On February 8, 2008, H&R Block Tax Services, Inc. brought a patent infringement action against the Company in the U.S. District Court for the Eastern District of Texas alleging infringement of two patents relating to issuing spending vehicles to an individual in exchange for the assignment of at least a portion of a payment that the individual is entitled to receive from a governmental agency, and seeking damages and injunctive relief. On April 3, 2008, the Company filed an answer denying infringement and asserting counterclaims of non-infringement and invalidity. On November 14, 2008, plaintiff moved for leave to amend the action alleging infringement of a third patent relating to providing a loan to a taxpayer prior to the end of the current year, the loan amount being based on the taxpayer’s estimated tax refund amount for such year. On December 23, 2008, the Court granted plaintiff’s motion for leave to amend. On January 12, 2009, the Company answered the amended complaint denying infringement and asserting counterclaims of non-infringement and invalidity. On March 13, 2009, the Company filed a motion for summary judgment of invalidity of all asserted patent claims. A decision on that motion is currently pending. The Court has set a trial date of May 10, 2010. The case is in its discovery and pretrial phase. The Company believes it has meritorious defenses and is contesting this matter vigorously.

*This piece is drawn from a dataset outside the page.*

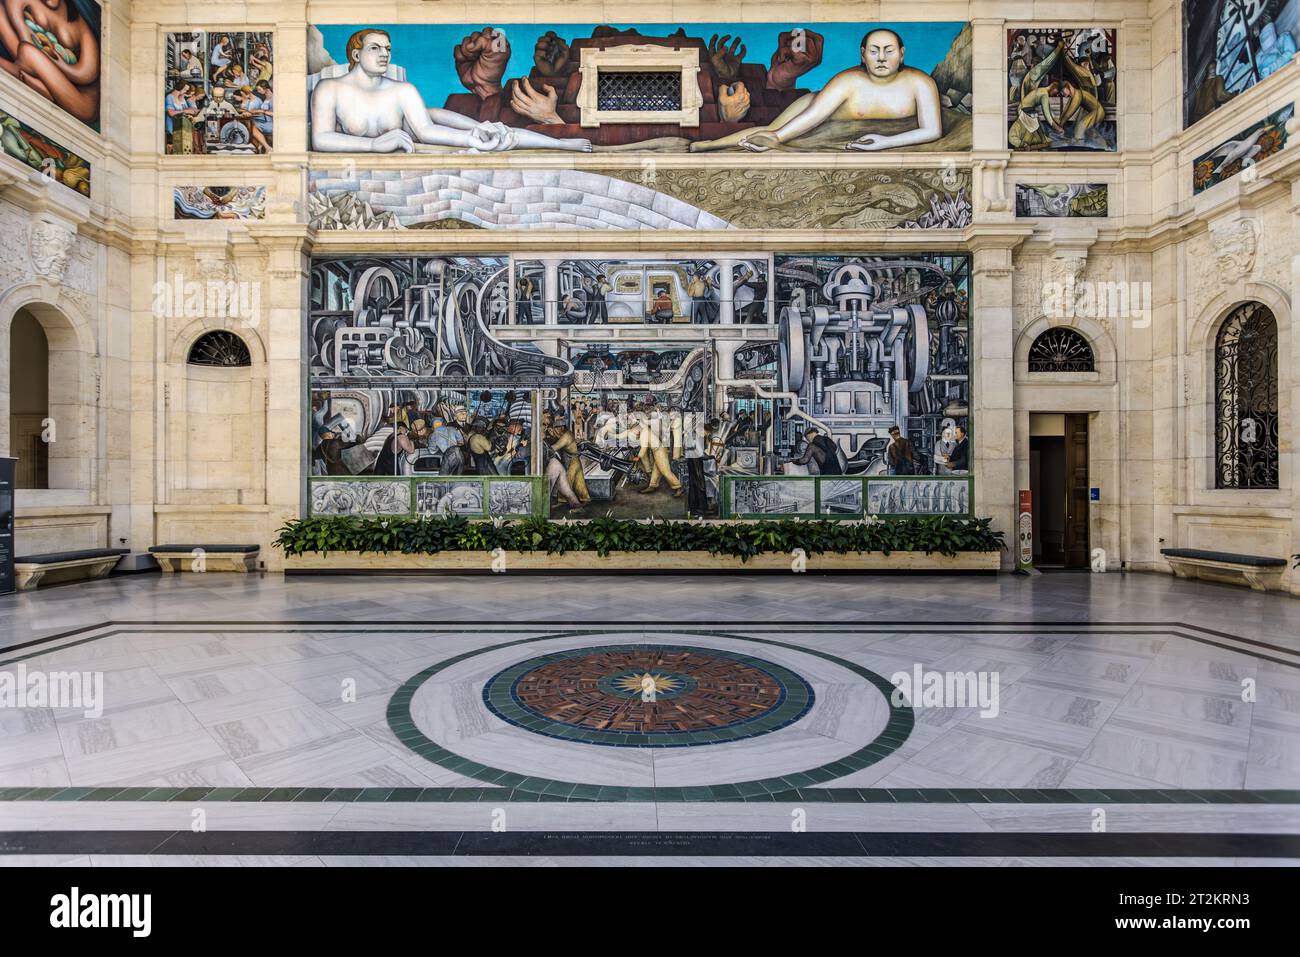 Rivera court au Detroit Institute of Arts Les peintures murales de l'industrie de Detroit (1932-1933) sont une série de fresques de l'artiste mexicain Diego Rivera, composée de vingt-sept panneaux représentant l'industrie à la Ford Motor Company et à Detroit, aux États-Unis. Detroit Industry Murals (1932-1933) est une série de fresques de l'artiste mexicain Diego Rivera, composée de vingt-sept panneaux. Un thème principal du cycle est la double qualité de l'homme, de la nature et de la technologie Banque D'Images

On February 16, 2009, Alicia Gomez brought a purported class action complaint against the Company in the Circuit Court of Maryland, Montgomery County, on behalf of Maryland customers who obtained RALs facilitated by the Company, for an alleged failure to comply with Maryland’s Credit Services Businesses Act, and for an alleged violation of Maryland’s Consumer Protection Act, and seeking damages and injunctive relief. On March 18, 2009, the Company filed a motion to dismiss. On June 18, 2009, the Court granted the Company’s motion to dismiss in all respects, dismissing the plaintiff’s complaint. Plaintiff has a right to appeal.

On April 14, 2009, Quiana Norris brought a purported class action complaint against the Company in the Superior Court of Indiana, Marion County, on behalf of Indiana customers who obtained RALs facilitated by the Company, for an alleged failure to comply with Indiana’s Credit Services Organization Act, and seeking damages and injunctive relief. On May 1, 2009, the Company filed a notice removing the complaint to the United States District Court for the Southern District of Indiana. On June 8, 2009 the Company filed a motion to dismiss. A decision by the Court is currently pending. The Company believes it has meritorious defenses and is contesting this matter vigorously.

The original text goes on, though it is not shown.